P2P Networking
In decentralized networks, the peer-to-peer (P2P) layer is responsible for connecting nodes and enabling data exchange.
The Midnight Node leverages the default Polkadot SDK Rust LibP2P implementation. Key components include the following.
Discovery Mechanisms
To participate in a decentralized network, a node must discover and connect to peers. Midnight supports several peer discovery strategies:
Bootstrap Nodes
Nodes can be configured with a list of predefined peers, known as bootstrap nodes. These are hard-coded identities and addresses provided in the network configuration. On startup, the node attempts to connect to these trusted peers to join the network and begin learning about others.
mDNS (Multicast DNS)
For local network discovery, mDNS enables nodes to find peers on the same LAN using UDP broadcast. This is useful for development environments, testnets, or networks where peers are in close proximity. The use of mDNS can be enabled or disabled via network settings.

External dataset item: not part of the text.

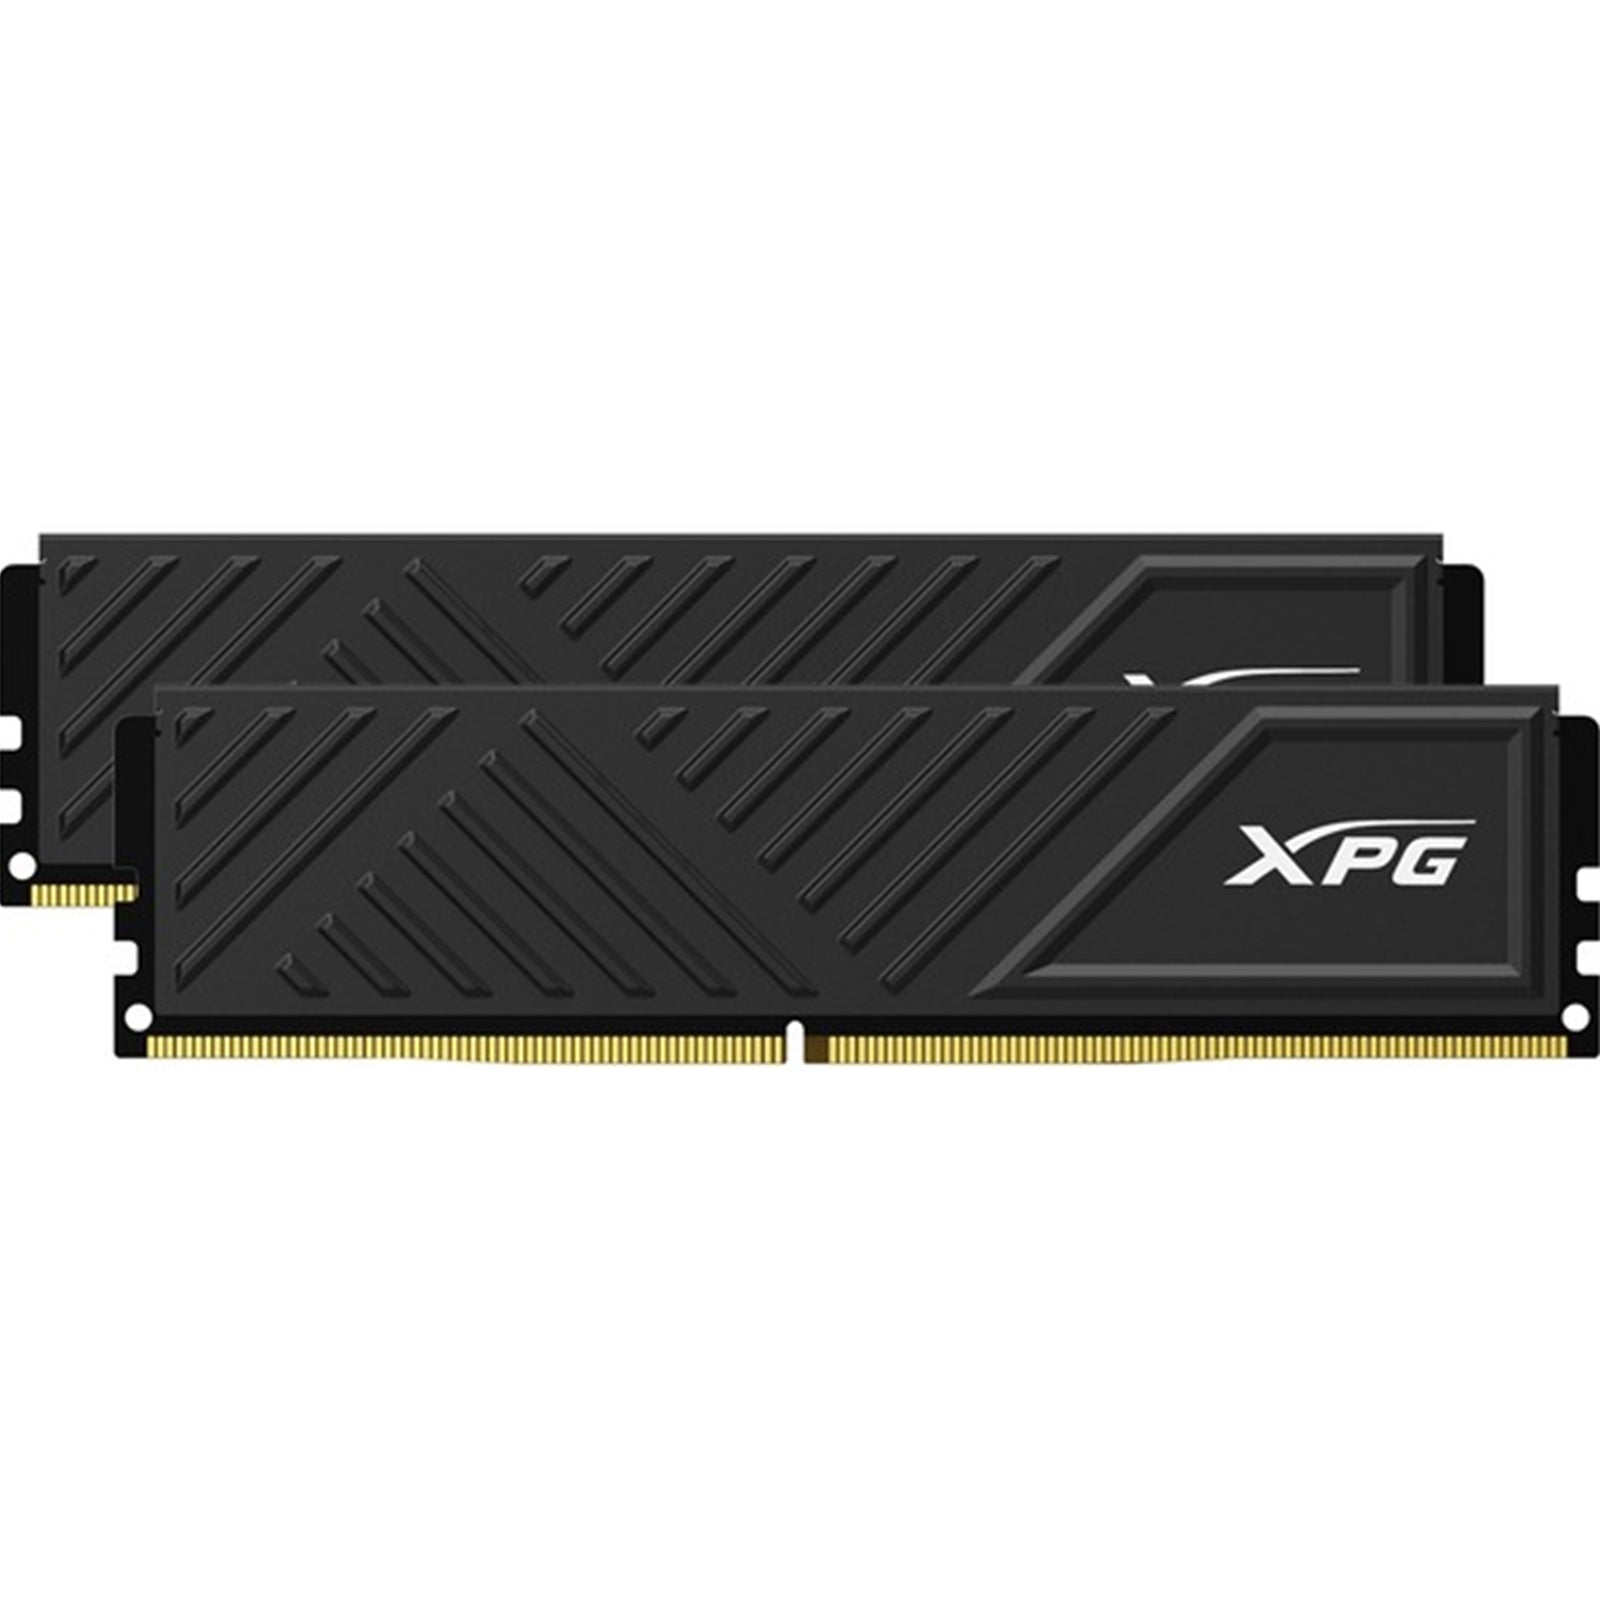 Adata XPG Gammix D35 16GB (2 x 8GB) DDR4 3200MHz RAM

Kademlia DHT (Random Walk)
Once connected to at least one peer, the node engages in a Kademlia-based random walk on each configured chain’s Distributed Hash Table (DHT). This involves sending FIND_NODE queries to discover additional peers. Over time, the node builds a more complete view of the network, improving connectivity and resilience.
Connection Establishment
Transport Layer
When Node A (Alice) wants to connect to Node B (Bob), and knows Bob's address, it initiates a connection using one of several supported transport protocols:
- TCP/IP: Traditional IPv4 or IPv6 socket connections.
- WebSockets: Built on top of TCP, allowing browser-friendly or proxy-compatible connections via WebSocket framing.
- DNS: Domain names can be used as node addresses, resolved to IPs during the connection process.
Encryption and Multiplexing
Once the underlying transport is established, the connection is upgraded through a series of negotiated protocols:
- Encryption is handled using the Noise Protocol Framework, ensuring end-to-end confidentiality and integrity.
- Stream Multiplexing is typically achieved using Yamux, allowing multiple logical streams (substreams) to operate concurrently over a single physical connection.
These upgrades are negotiated using Multistream-Select, a protocol that lets peers choose compatible encryption and multiplexing options.
Substream Protocols
Once the connection is multiplexed, peers open multiple substreams, each dedicated to a specific application-level protocol. These include:
- Ping: For liveness checks and latency measurements.
- Request-Response: For structured data exchange (e.g., block or transaction queries).
- Notifications: For broadcasting events like new transactions, block announcements, finality updates, and light-client state syncs.
Peer Identification
Each node identifies itself using a unique ed25519 public key, separate from the keypair used for consensus message signing. This identity key is exchanged during the handshake process and used to authenticate the peer throughout the session.